Pictures appear among the records below and must be omitted. Repeat exactly the lines from the line with "10月4日婚礼记录片 「水舞新娘出品 」" to the line with "Lego-42082-Model-D-Heavy-Forklift-27", both included.
** Opening EXTRACTED DATA block **
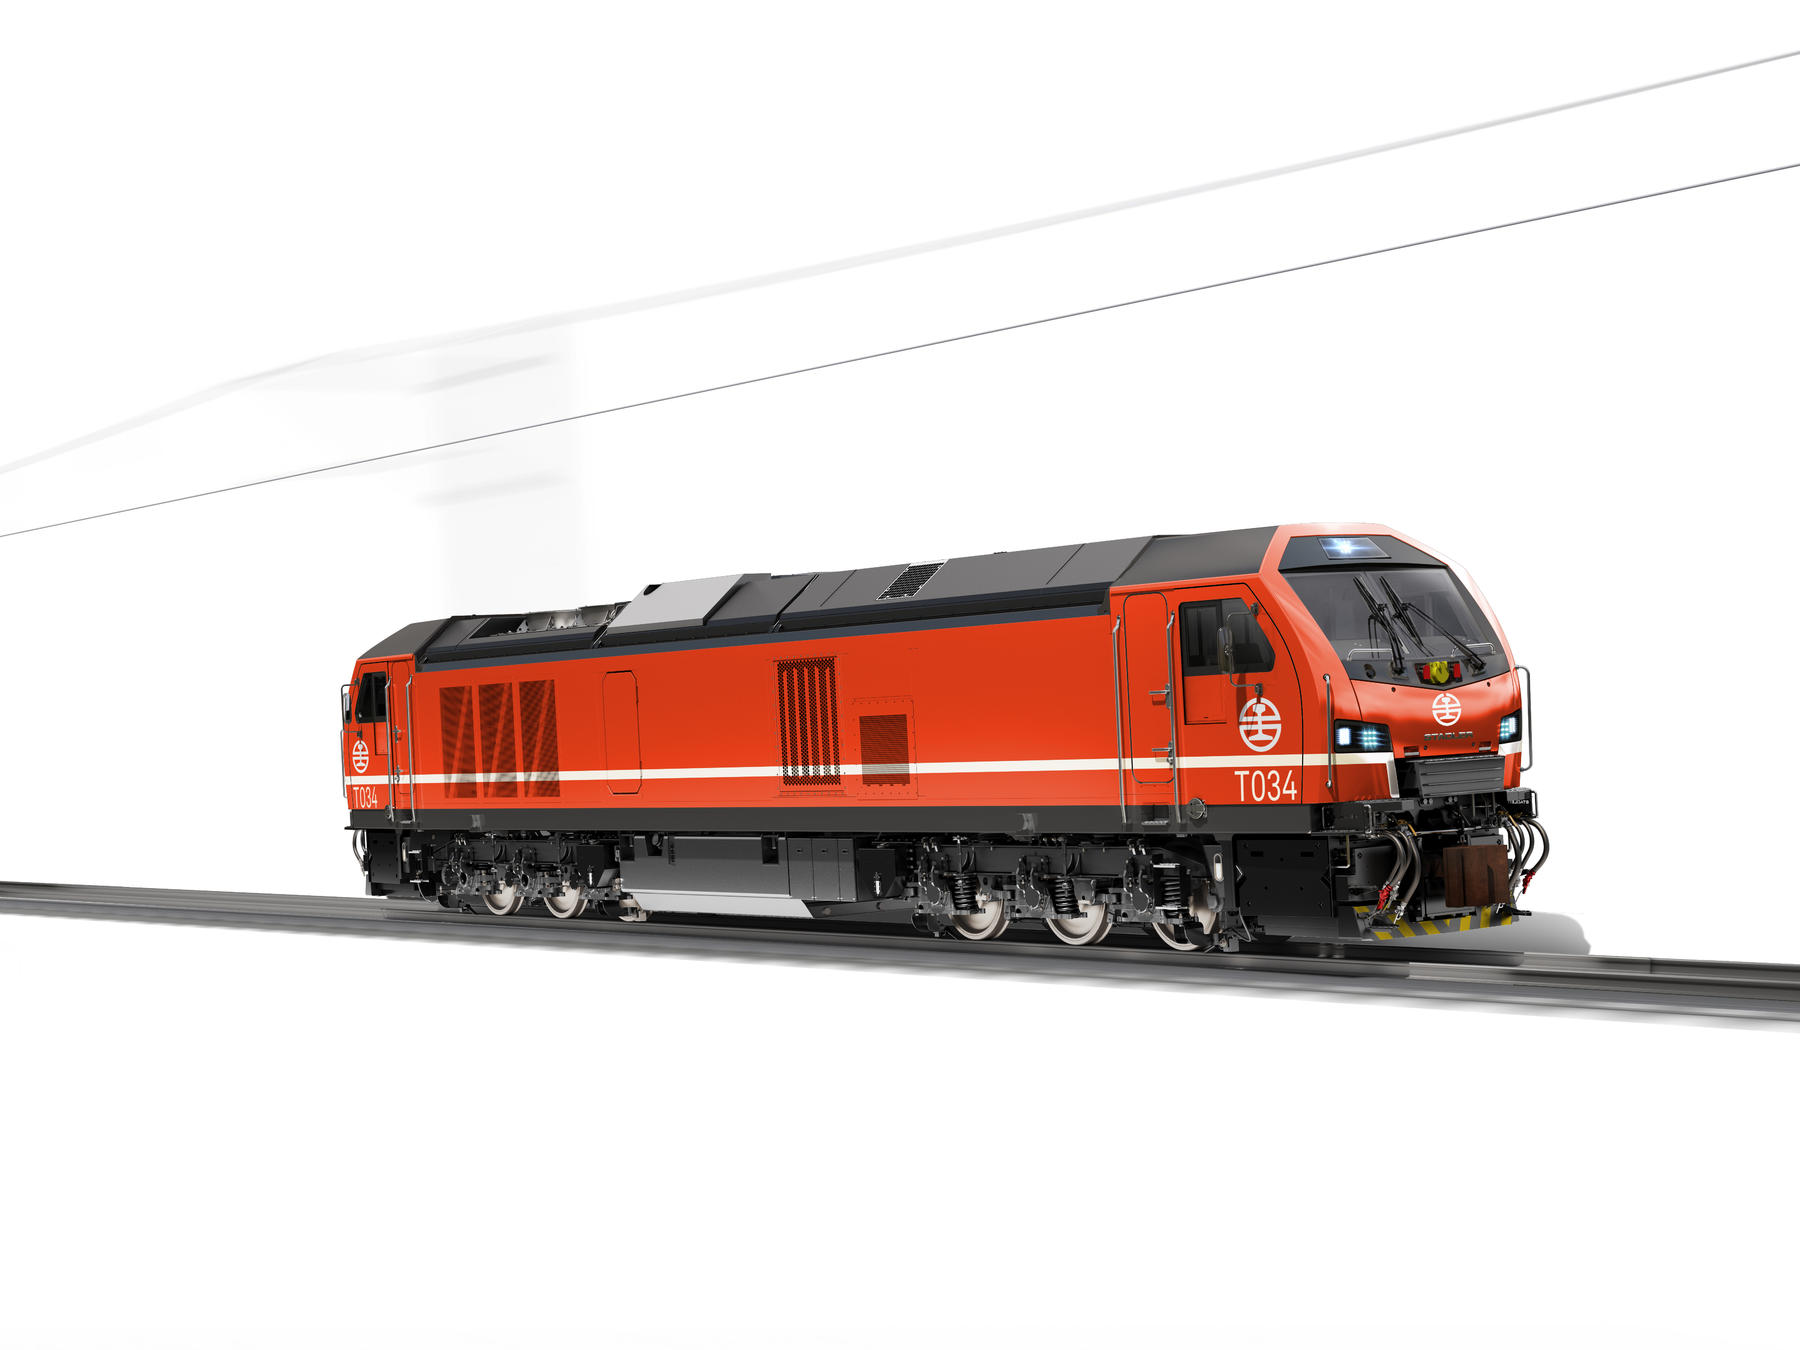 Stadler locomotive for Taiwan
** Closing EXTRACTED DATA block **
** Opening EXTRACTED DATA block **
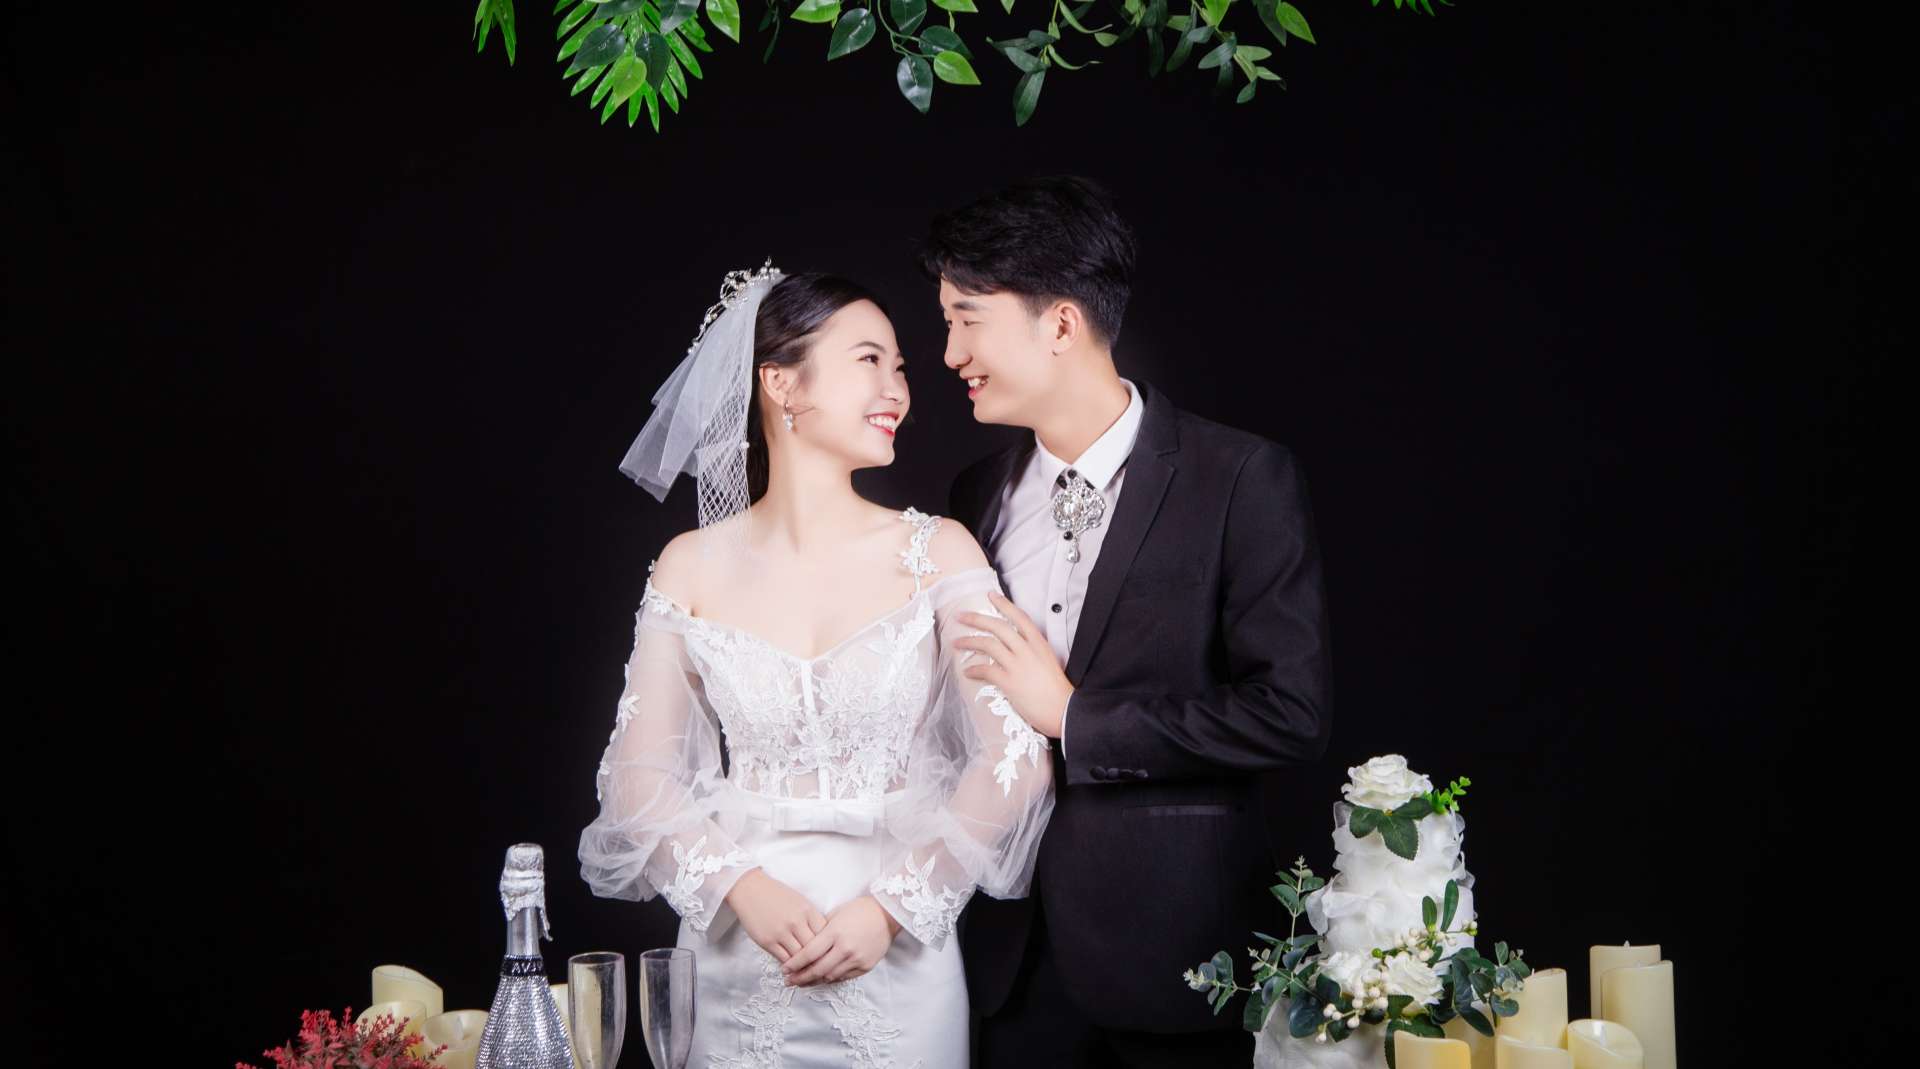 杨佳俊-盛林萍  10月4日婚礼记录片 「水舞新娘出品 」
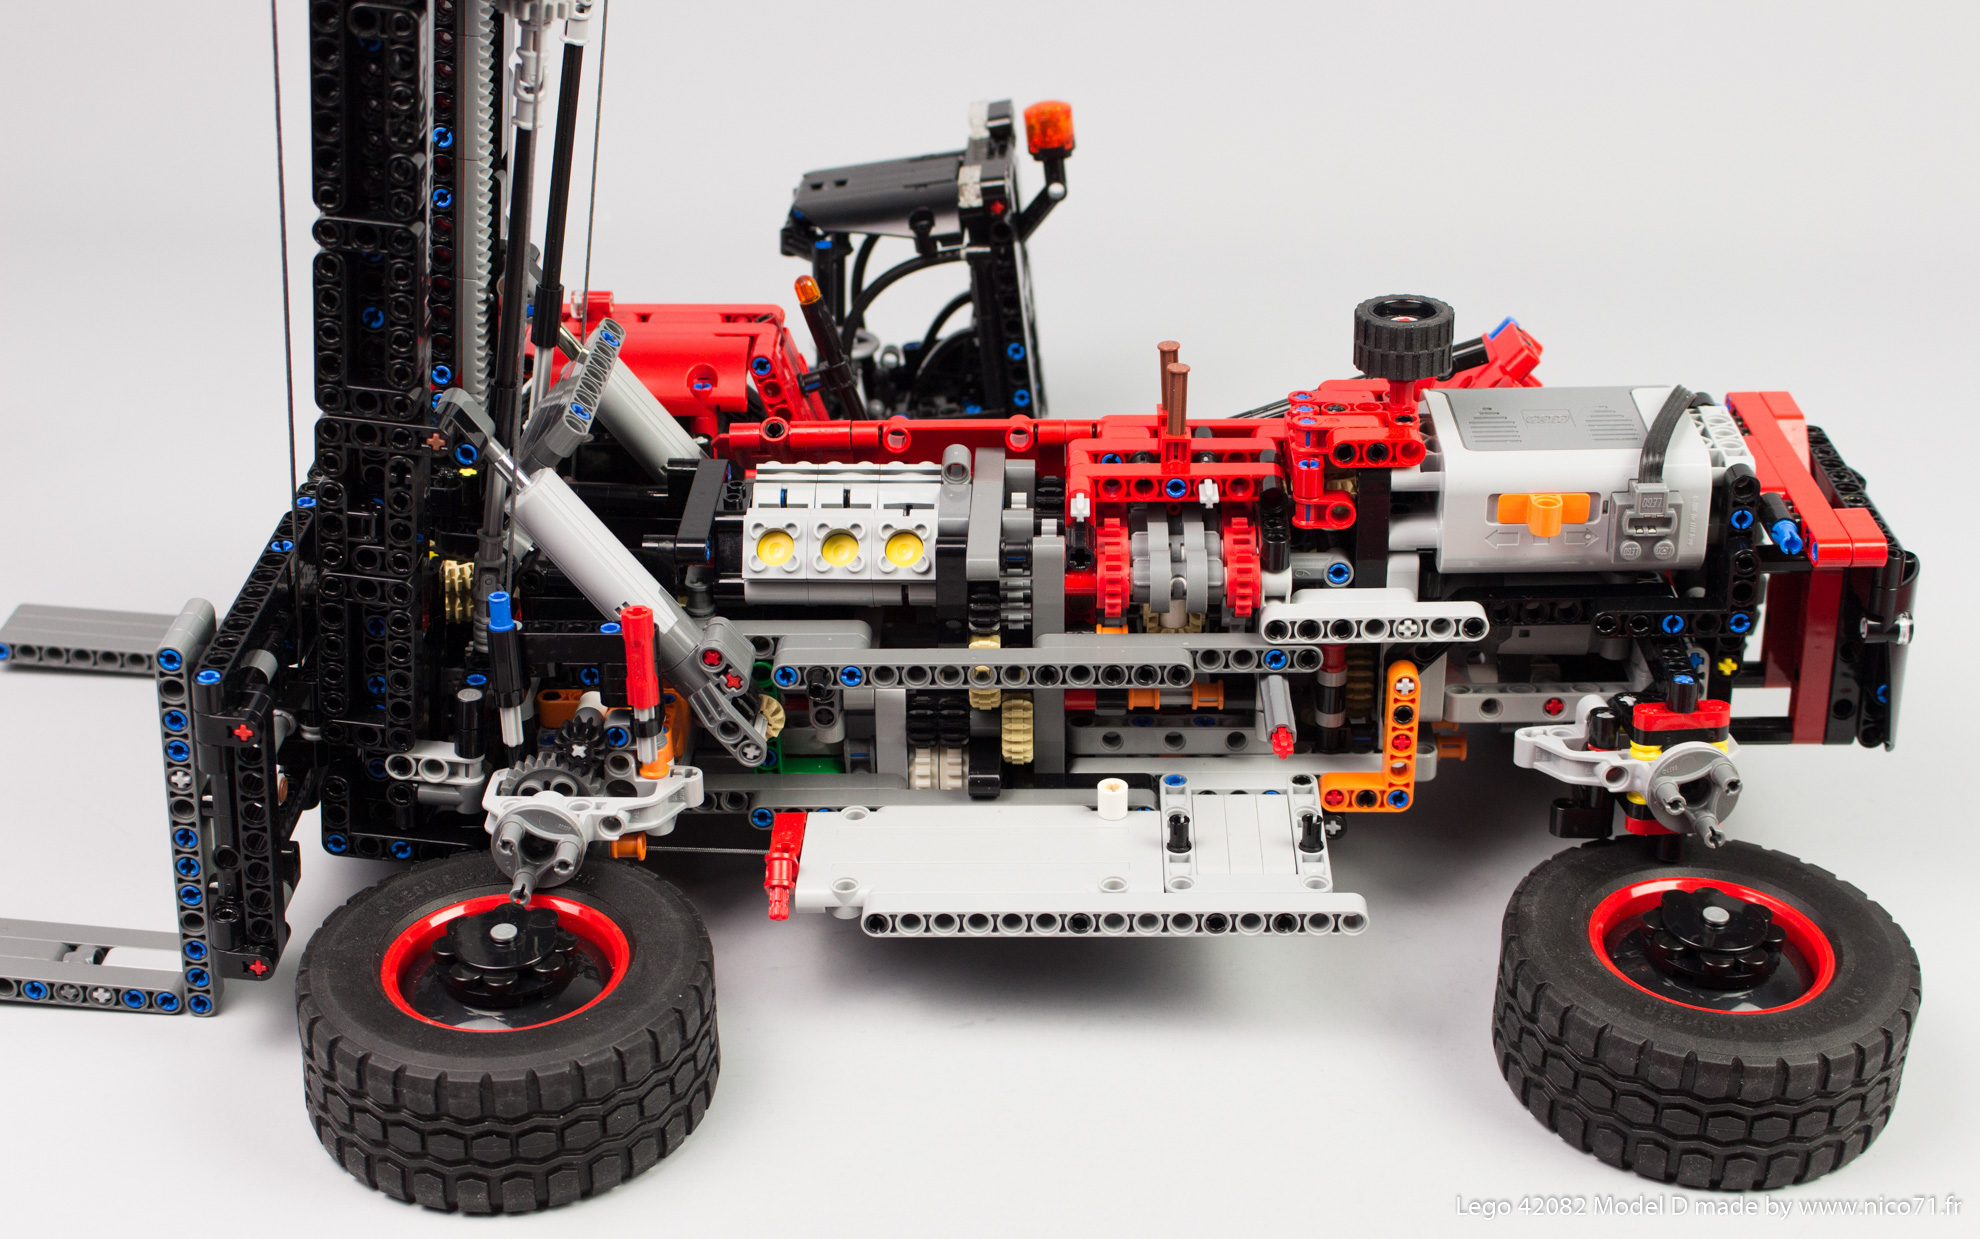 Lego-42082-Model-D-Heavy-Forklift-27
** Closing EXTRACTED DATA block **
■ **ANSWER BOX**
 杨佳俊-盛林萍  10月4日婚礼记录片 「水舞新娘出品 」
 Lego-42082-Model-D-Heavy-Forklift-27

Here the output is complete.